Хлеба стояли плотные, рослые; особенно радовало, что не захирели участки, посеянные намного раньше обычного. Желтая, солнечная тишина стояла над полями, – казалось, замри – и чутким ухом услышишь, как дружно, враз, тяжелеет колхозный хлеб.
Крепче прежнего налег Кузьма Андреевич на работу. Да и не мог иначе. Во-первых, подгоняли мысли о новом доме. Во-вторых, обязывало звание члена правления и лучшего ударника. Возвышенному человеку отставать в работе не дозволено, возвышенный человек у всех на виду, сразу предадут его позору. А с большой высоты падать больнее – это Кузьма Андреевич хорошо понимал и боялся. Он уже привык к всеобщему уважению – на собраниях слушали его с таким же вниманием, как самого председателя, в затруднительных случаях бежали к нему за советом.
Было еще и другое, что Кузьма Андреевич и сам в себе не сознавал. От дедов и отцов передалась ему, как всякому старательному мужику, строгая хозяйская заботливость; он шестьдесят с лишним лет носил в себе эту заботливость и никуда не мог приложить. Когда батрачил у Хрулина, руки не поднимались работать по-настоящему: кусок все равно чужой, не получишь с хрулинского стола даже крошек.
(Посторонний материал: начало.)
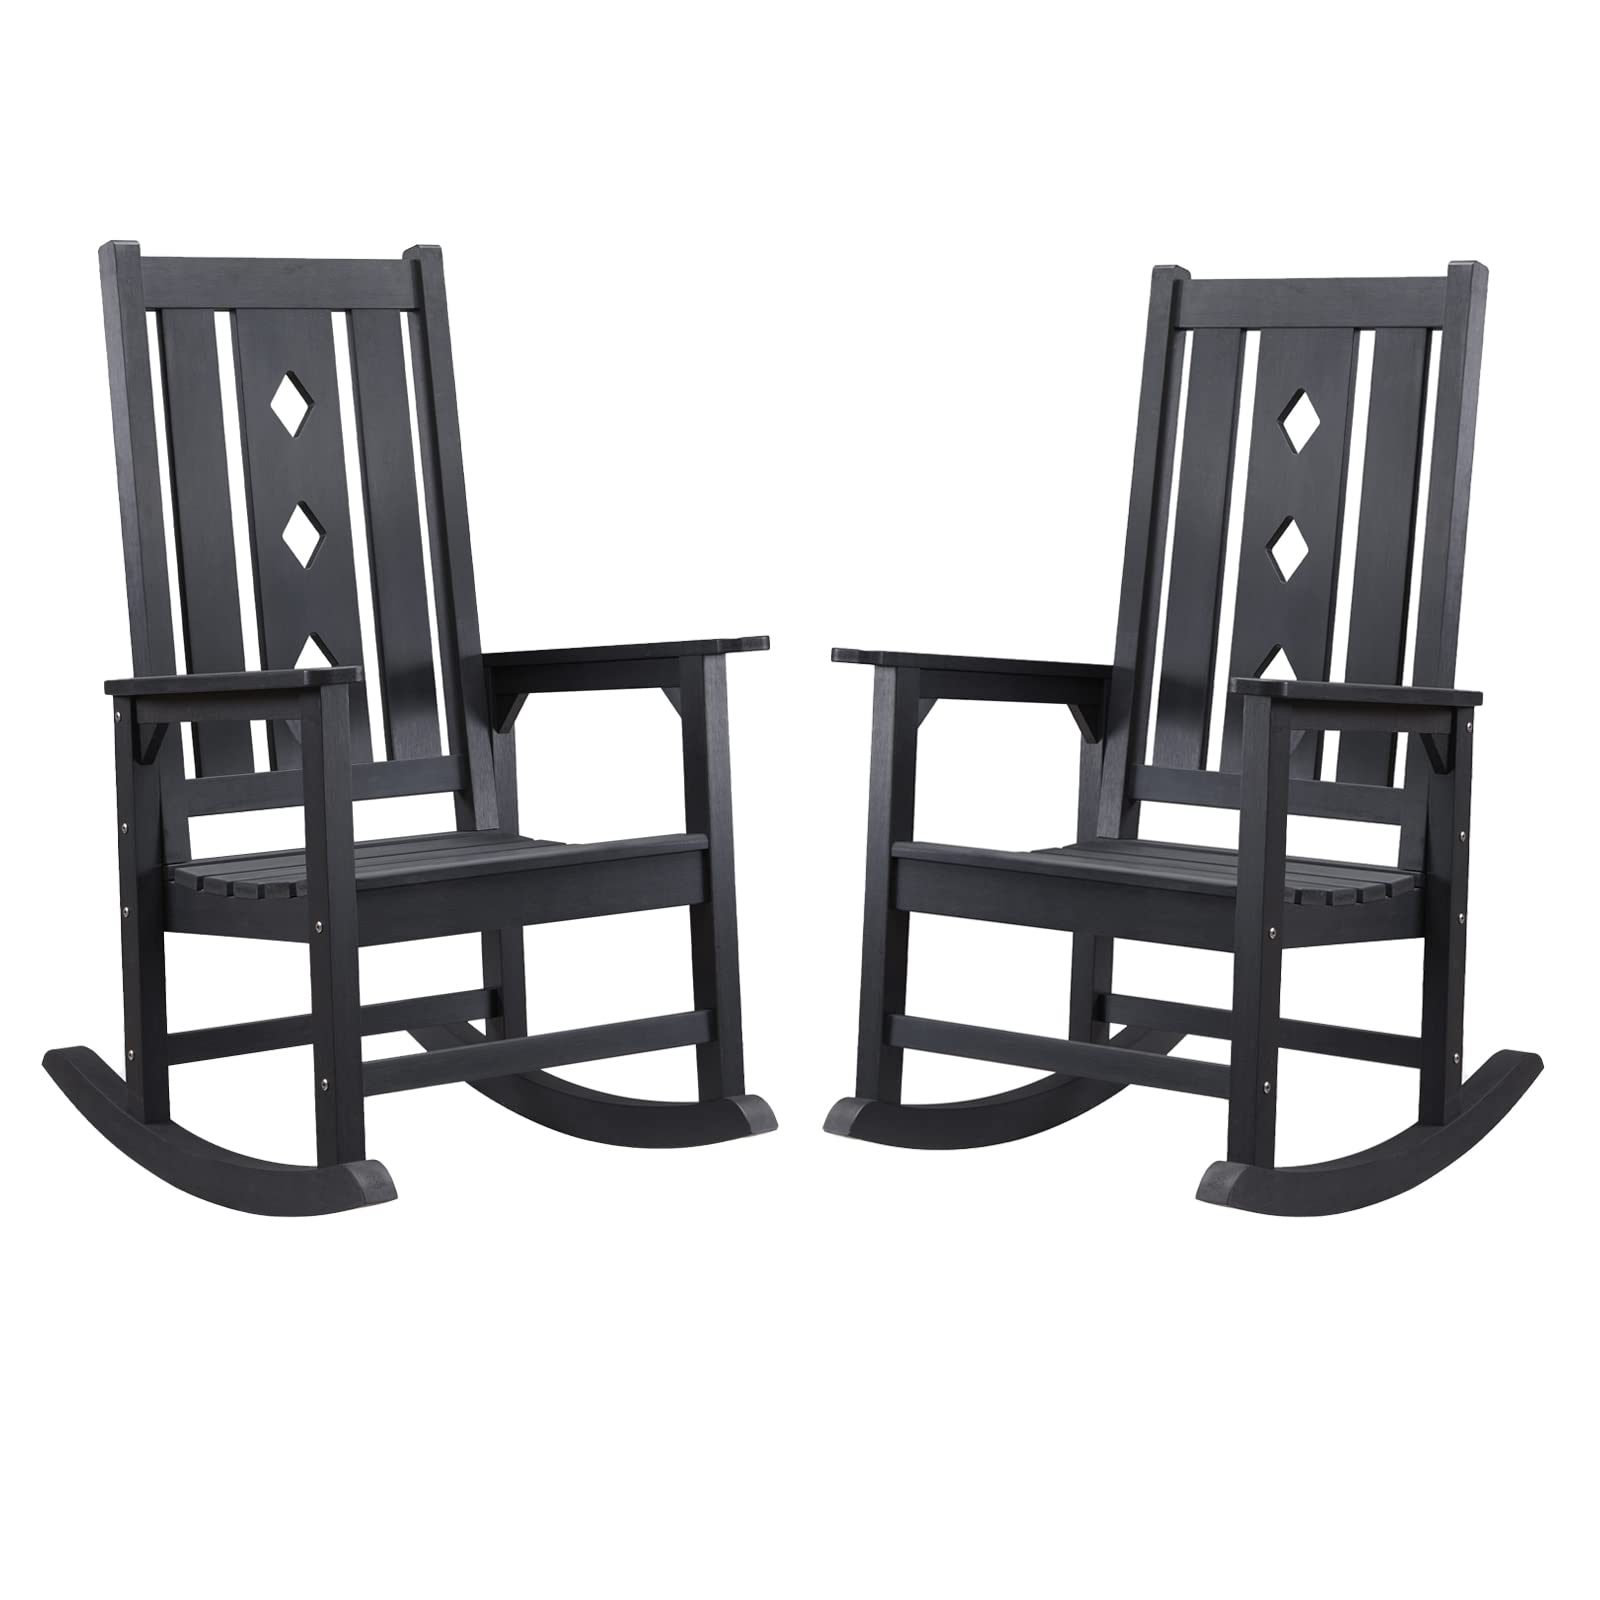 EFURDEN Rocking Chair Set of 2, Weather Resistant Patio Rocker for Adults, Smooth Rocking Chair Indoor and Outdoor,350lbs Load (Black)

Томила Кузьму Андреевича хозяйская тоска. Хотелось выйти в поля, хлеб посмотреть, сбрую проверить, жеребца погладить по широкому желобчатому крупу, взбучку задать какому-нибудь нерадивому сторожу, хотелось, чтобы хозяйство чувствовалось в руках, как туго натянутые вожжи.
Теперь, будучи членом правления, значит старшим хозяином, он выходил в поля и узнал, что для хозяйского носа зреющий хлеб пахнет совсем по-другому, чем для батрацкого. Проверял Кузьма Андреевич сбрую, не пересохла ли в душном сарае, гладил жеребца, пуская большой палец по желобчатому крупу, отчего жеребец поджимался и дрыгал задней ногой; щупал Кузьма Андреевич животы у кобыл и коров, давал взбучки нерадивым сторожам и знал при этом, что никто не посмеет сказать ему: «Полез, старый хрен, в чужие сани», как сказал однажды кулак Хрулин, потный, красный и медноликий, похожий на самовар.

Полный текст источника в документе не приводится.